Nondumiso Tembe. (Photo by Daniel Rutland Manners)

It was not an easy challenge to accept for the cast.

“There were a lot of holes so we all worked very hard to fill those gaps and make it more rich and dynamic. For me the challenge with Joyce, because she was one-dimensional and didn’t really have a back story; there was the danger of her coming across as a vamp or a man-eater and I was very clear that my greatest nightmare would be for the audience members to walk away from the play thinking she deserved what she got instead of sympathizing with her,” says Tembe.

This was especially important for Tembe because of the current social context in South Africa, where there has been an epidemic of violence against women, and this being a story about femicide, it was critical for her to convey the right message.
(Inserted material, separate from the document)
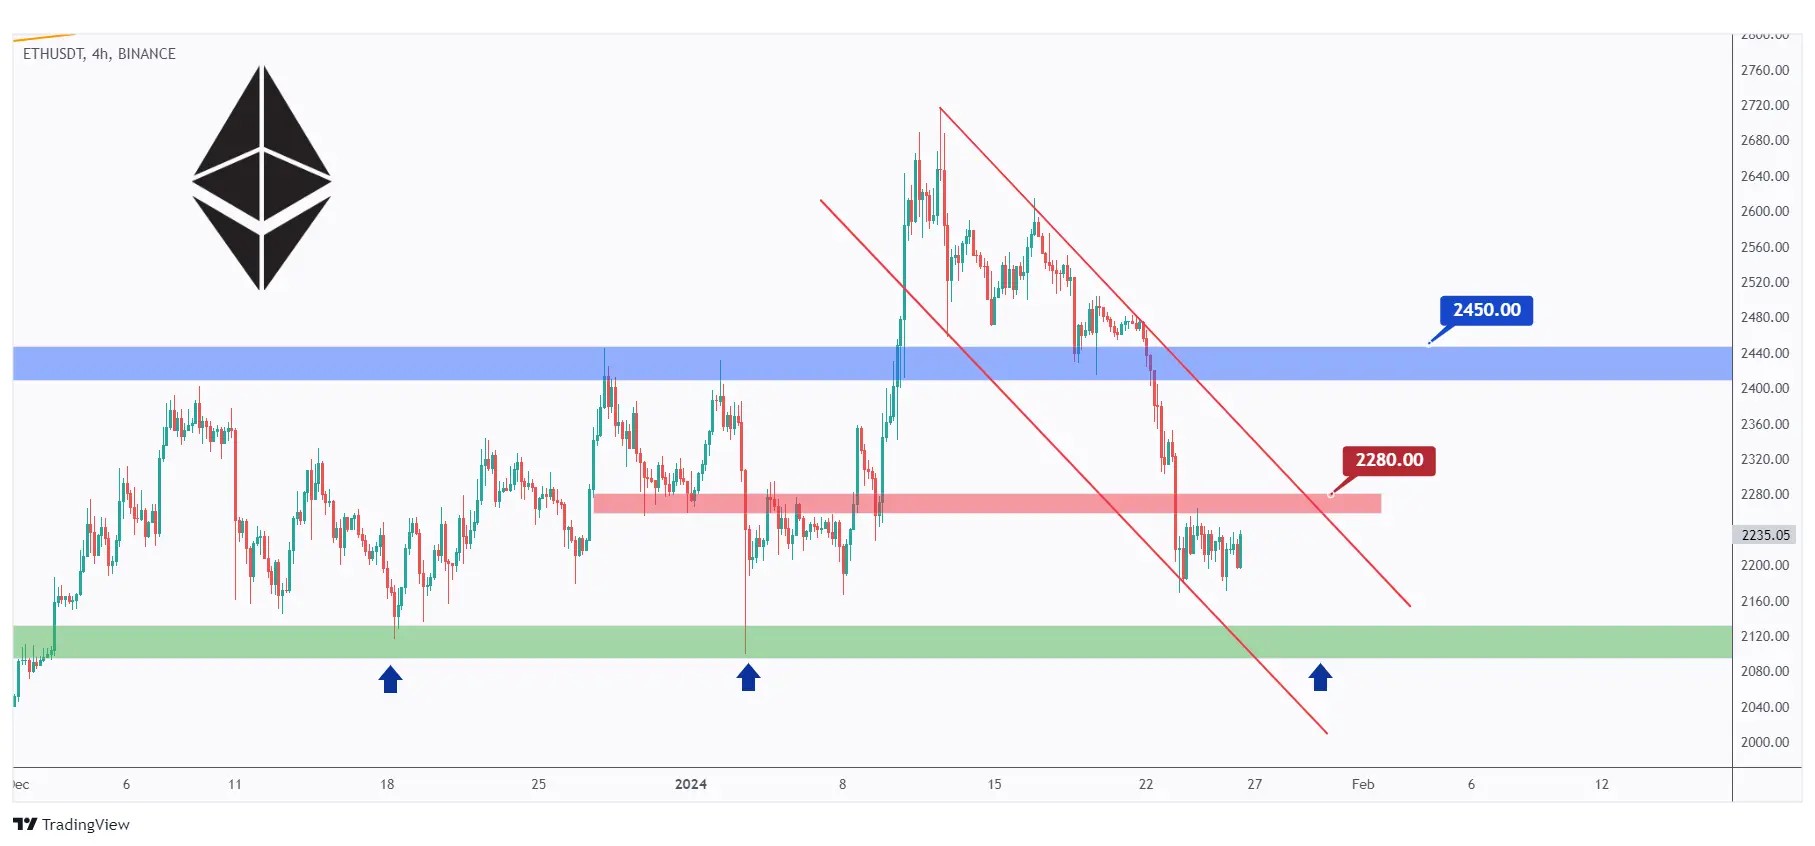 ETH 4h chart showing the overall bearish bias trading within the falling channel and the last major high at $2280 that we need a break above for the bulls to take over.

“We really didn’t want our audiences to cheer at the end of the tragic scene between Joyce and King Kong and that actually happened when we first staged it, in preview week, so, the writer, Bill Michaelson, who I admire, snuck in, very last minute during preview week, and added a wonderful but very deep and pivotal scene between King Kong and Joyce which we rehearsed with the director for barely an hour and then Andile Gumbi and I had to perform it that very night in front of a paying audience, which was terrifying,” recounts Tembe, letting out a little scream.

Watching that scene in the play makes it hard to imagine the script was enacted without it. The raw emotions portrayed by King Kong and Joyce are paramount to the play’s climax; a pivotal scene providing great insight into the characters – who they are and why they make the decisions they do.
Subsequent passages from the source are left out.